All characteristics found in the SM impact, somehow, on the quality of interaction with ubiquitous systems and, therefore, need to be evaluated. In general, we can say that all characteristics are defined taking into account that the interaction with ubiquitous systems needs not only to be efficient and effective, but also transparent and implicit to the user. One can say that some of the quality characteristics do not appear to be oriented to the user interaction, but we defend that they affect the interaction. For example, Scalability can be only perceived by system administrators and maintainers.

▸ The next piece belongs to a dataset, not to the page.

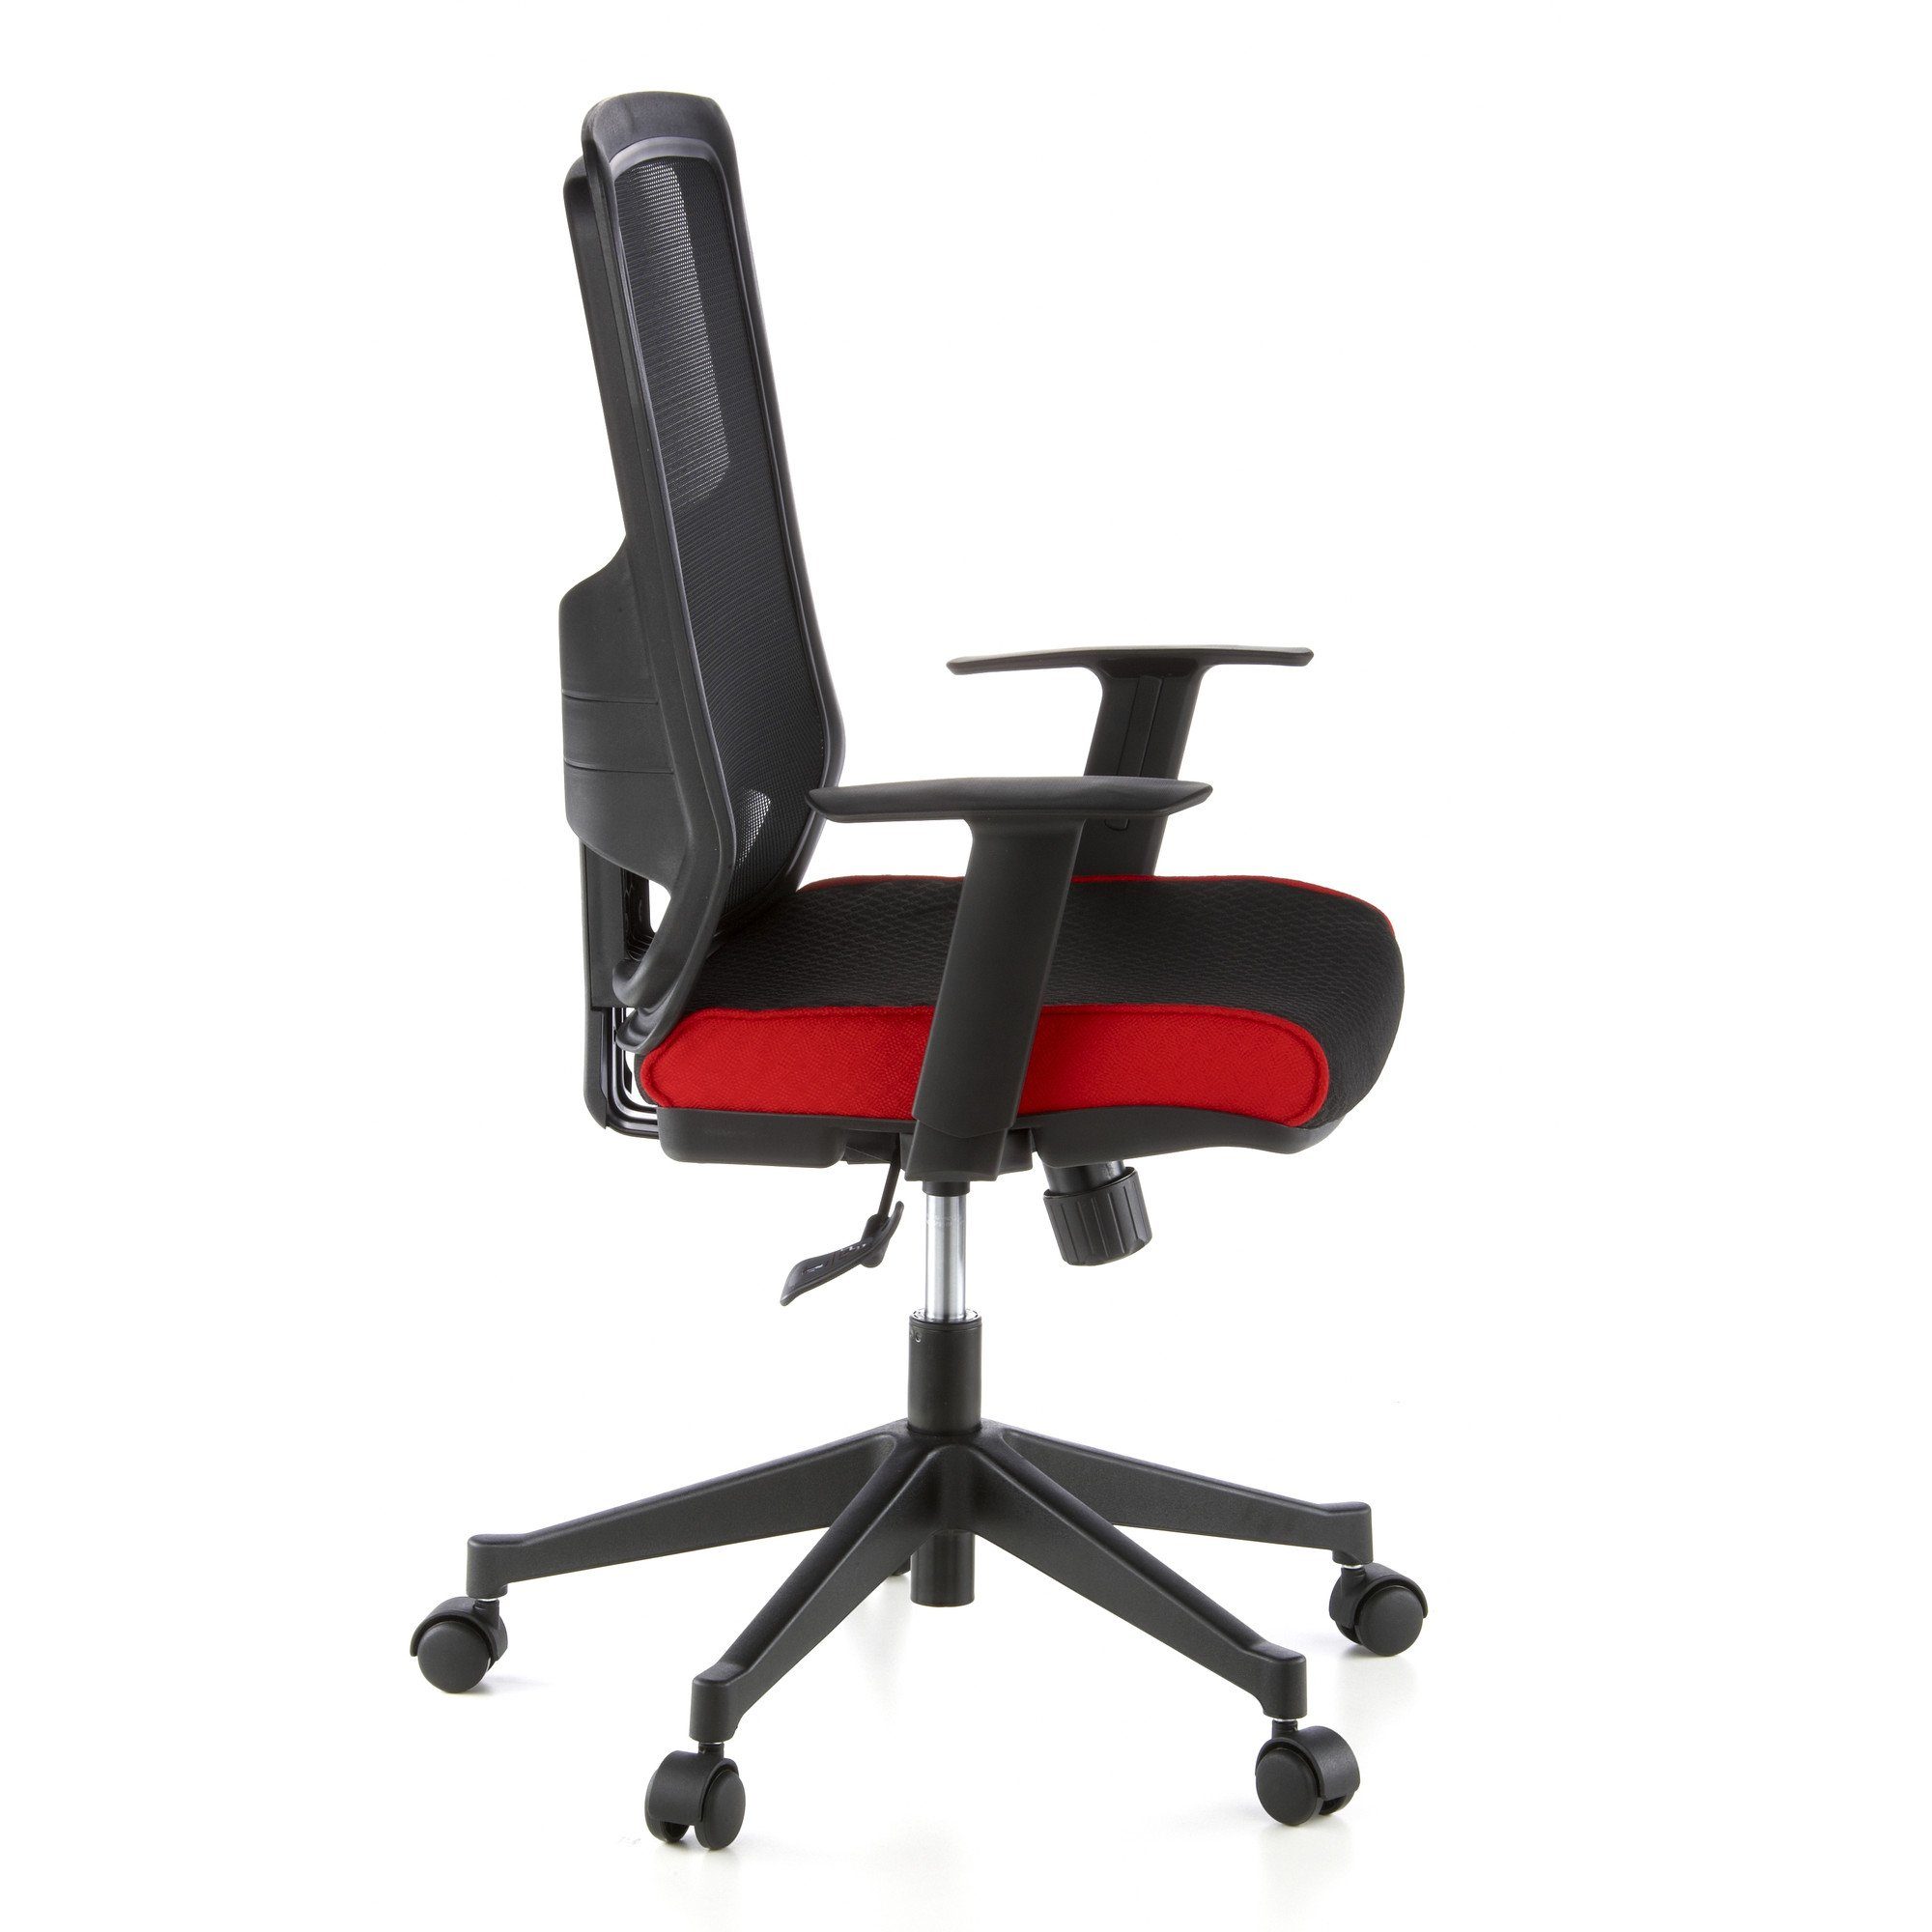 Stoff (1 ergonomisch OFFICE Profi Drehstuhl LAVITA St), hjh Schreibtischstuhl Bürostuhl Schwarz/Rot

However, in a ubiquitous environment, a ubiquitous system can be used by many users and by other systems everywhere and any time, low scalability has a high user-perceivable impact.

To better analyze these characteristics, we consider the SQuaRE standard (ISO/IEC 25010 2011)Footnote 5 that organizes quality characteristics in two quality models:

  • System/Software Product Quality Model (left side of Fig. 11)—composed of eight characteristics, which are further subdivided into subcharacteristics that can be measured internally or externally.

  • Quality in Use Model (right side of Fig. 11)—composed of five characteristics which are further subdivided into subcharacteristics that can be measured when a product is used in a specific context. These characteristics are related to the outcome of an interaction when a product is used in a particular context of use.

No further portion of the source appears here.